No pictures, please: print exactly the lines from the one that contains "Doctor vs. Patient" through the last line of the listing.

* [Dataset content]:
----------------
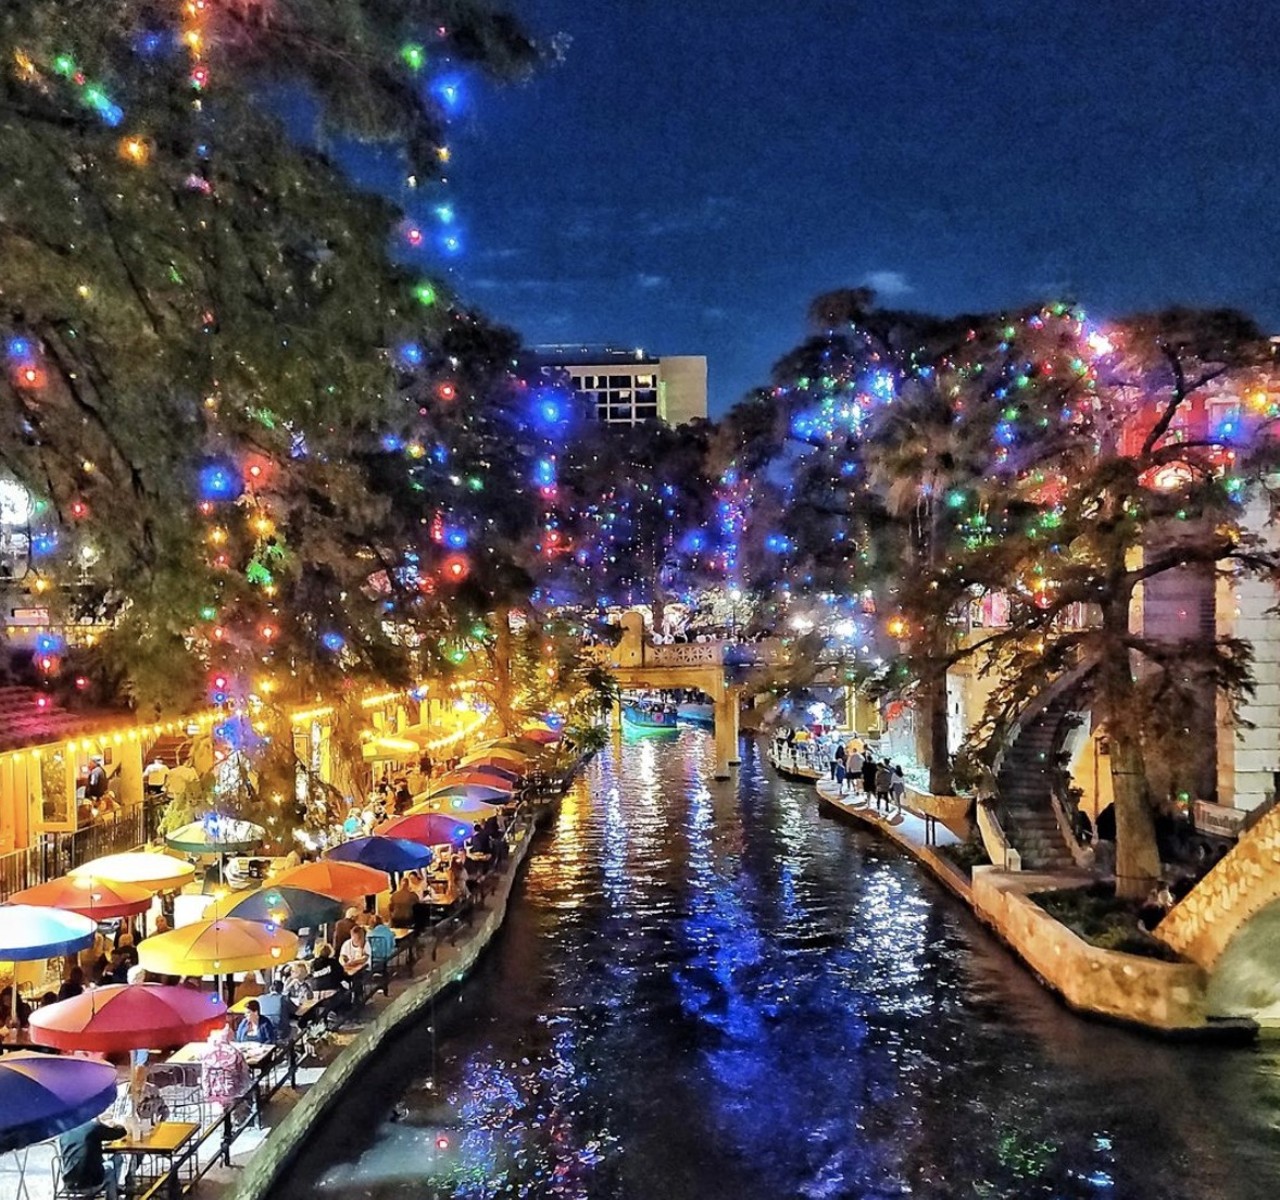 The San Antonio River Walk Is Covered In Christmas Lights
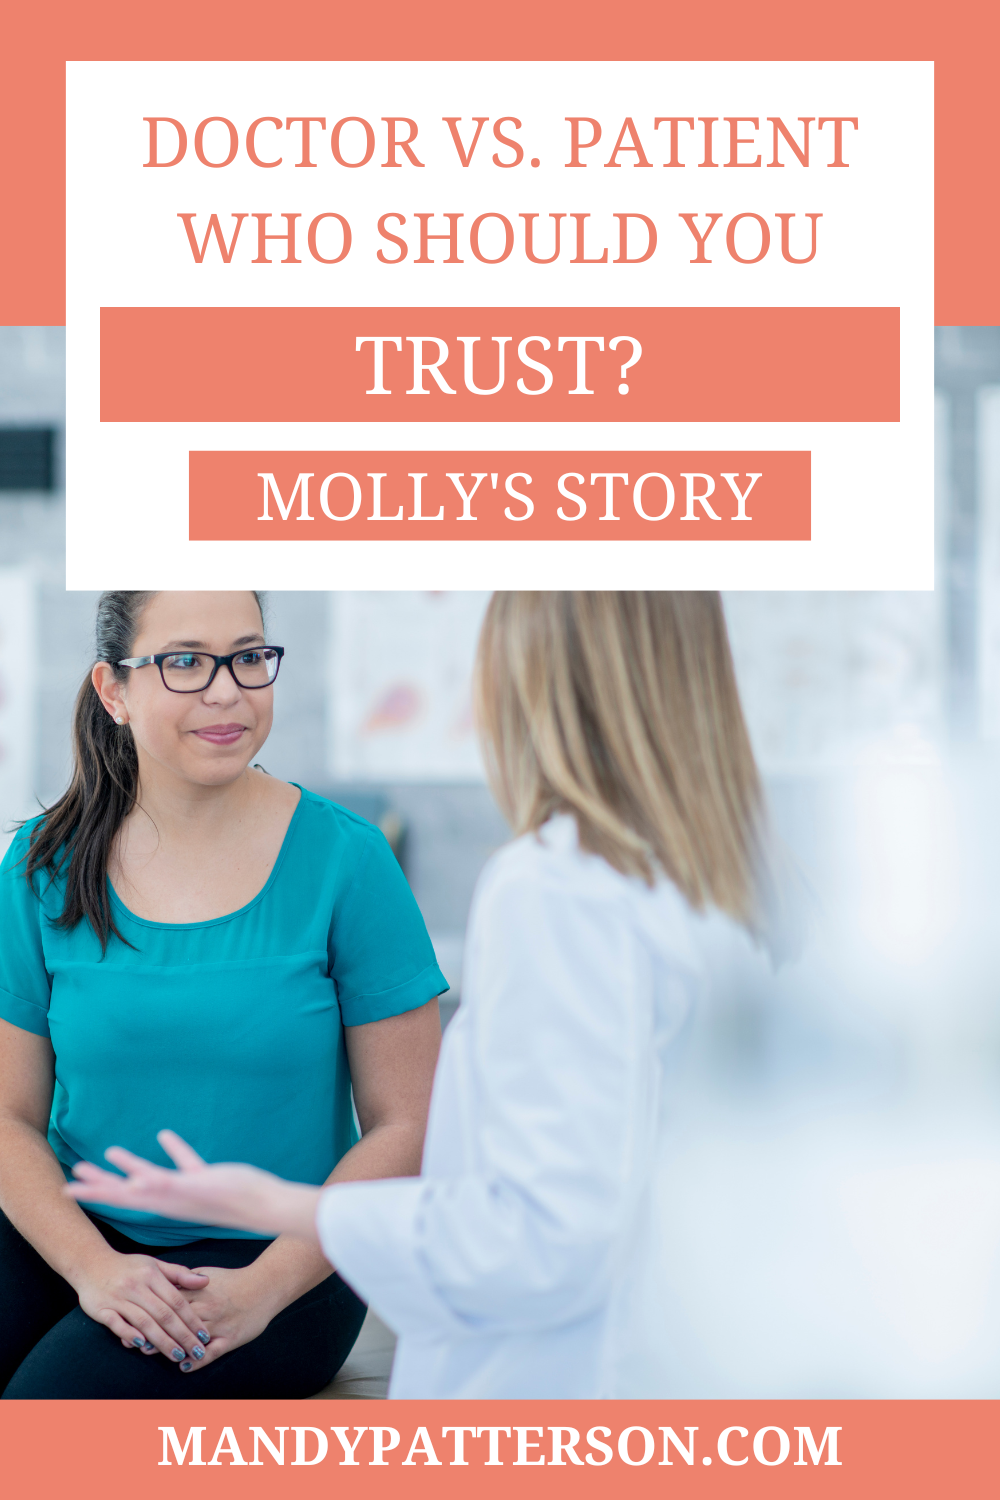 Doctor vs. Patient – Who Should You Trust? Molly’s Story
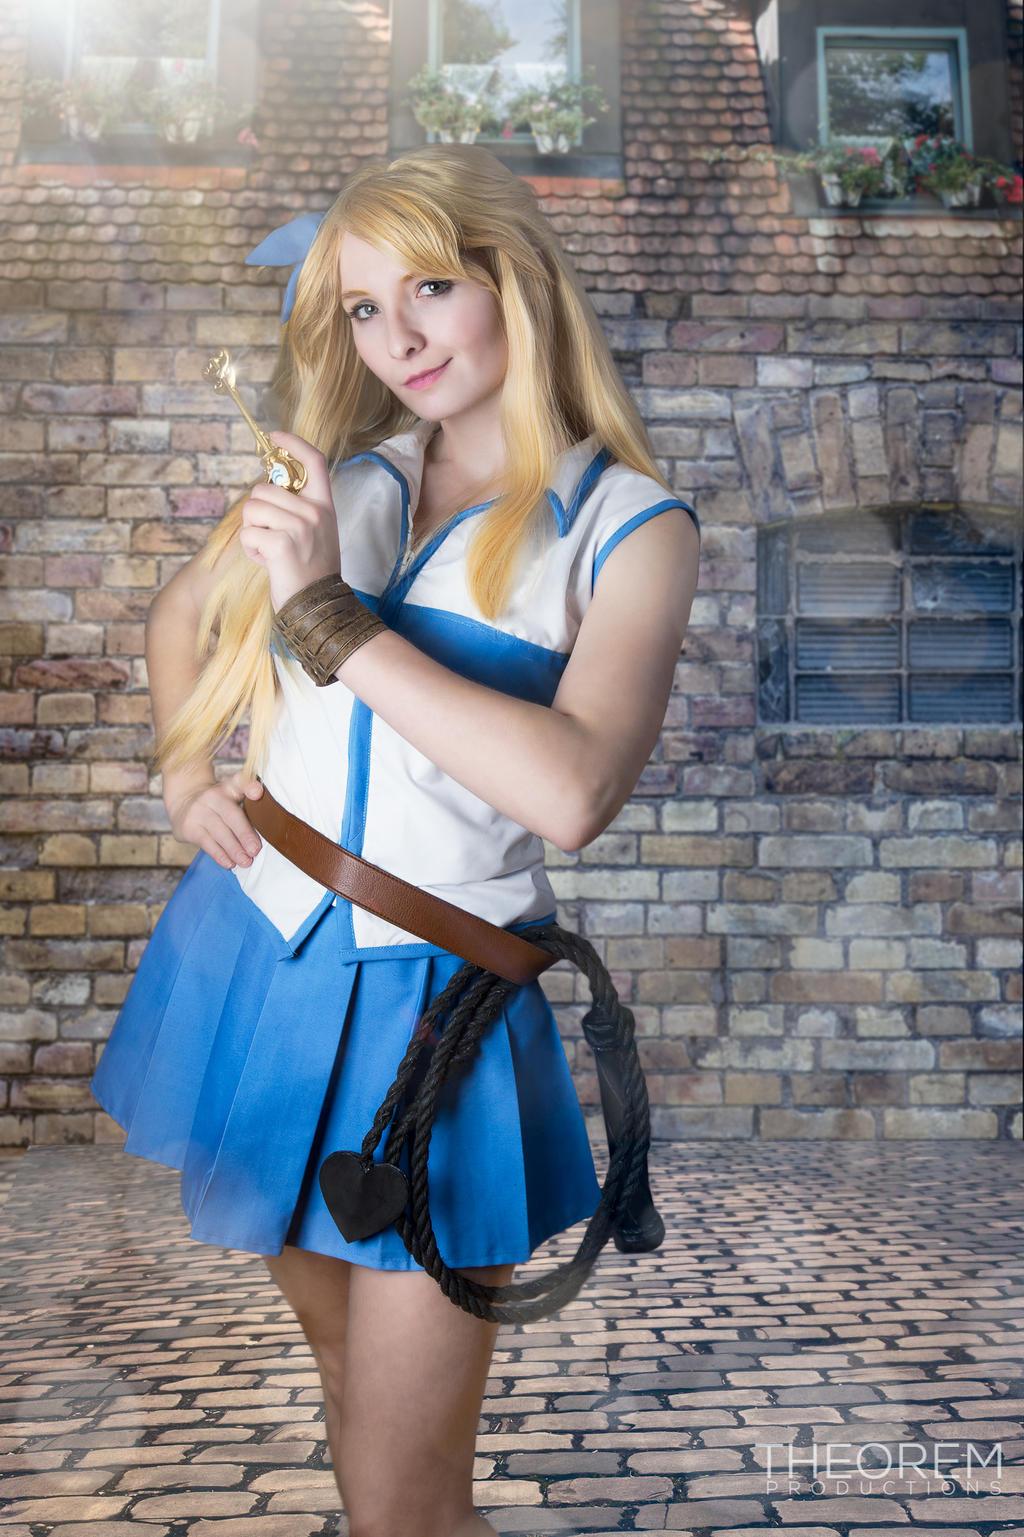 FAIRY TAIL: Lucy's Costume Fairy Tail Team A
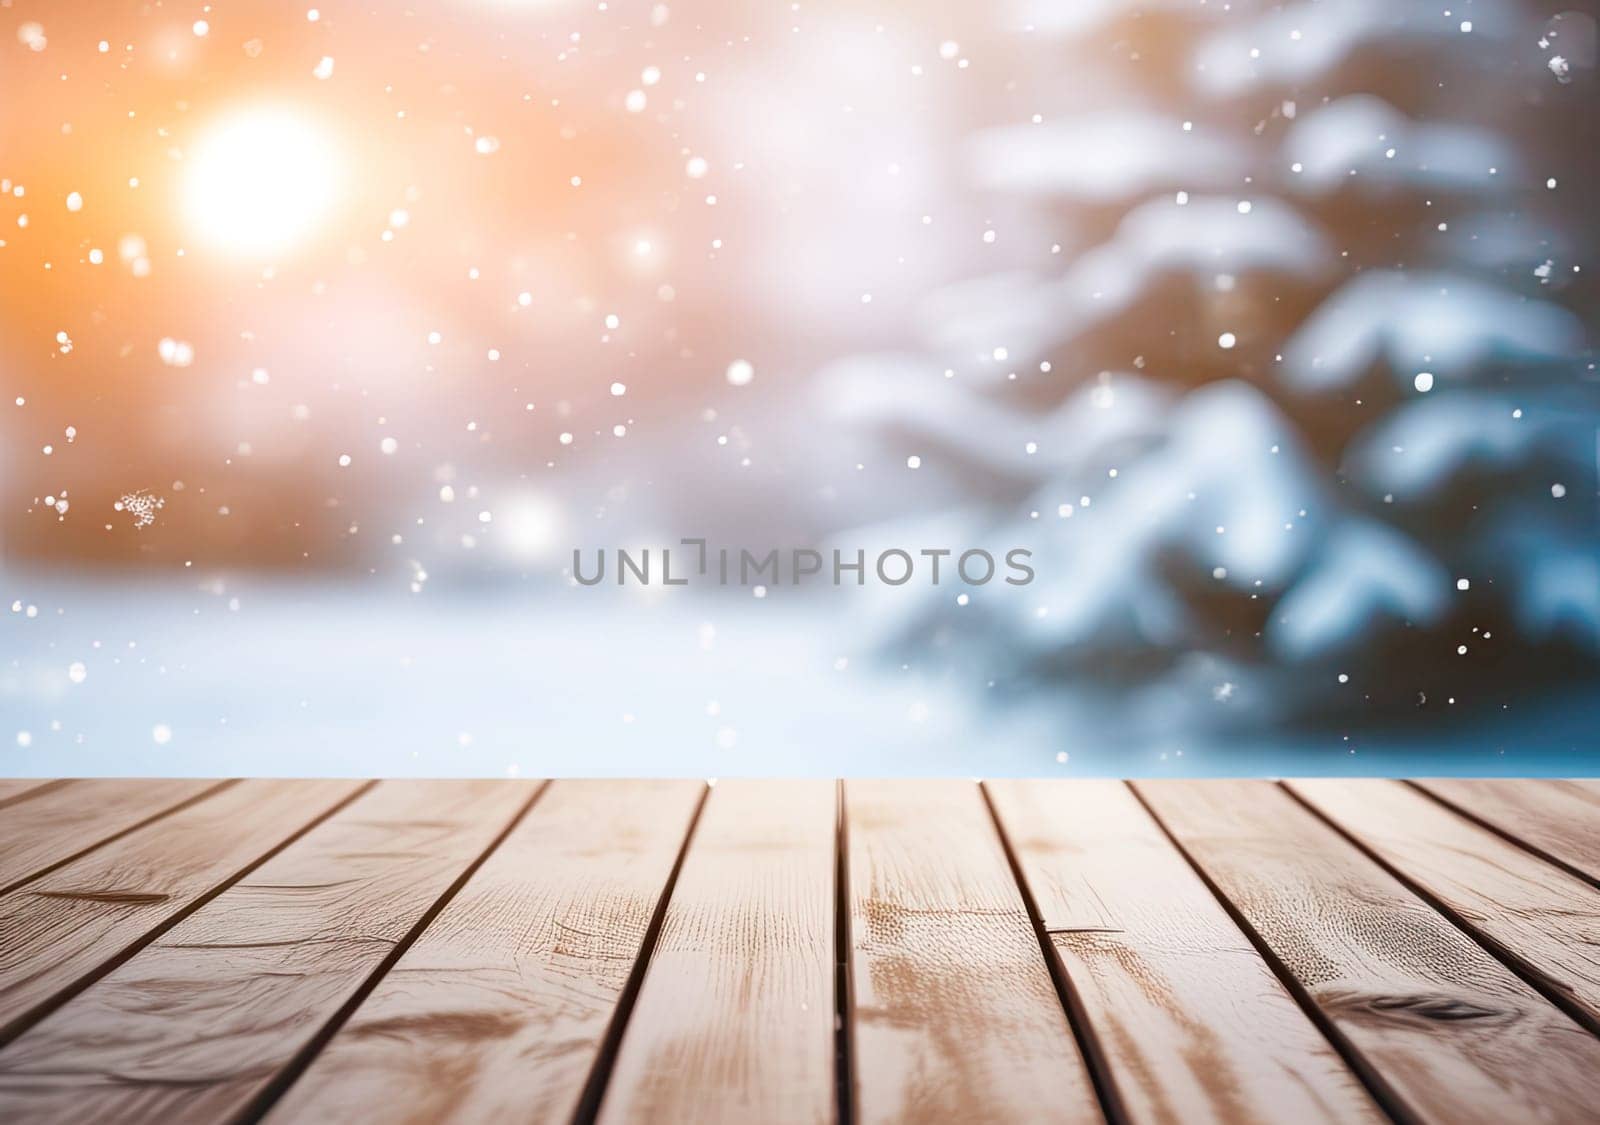  winter snowy blurred defocused background. empty wooden flooring. Flakes of snow fall and sparkle on light.
----------------
* [Exercise solution]:
 Doctor vs. Patient – Who Should You Trust? Molly’s Story
 FAIRY TAIL: Lucy's Costume Fairy Tail Team A
  winter snowy blurred defocused background. empty wooden flooring. Flakes of snow fall and sparkle on light.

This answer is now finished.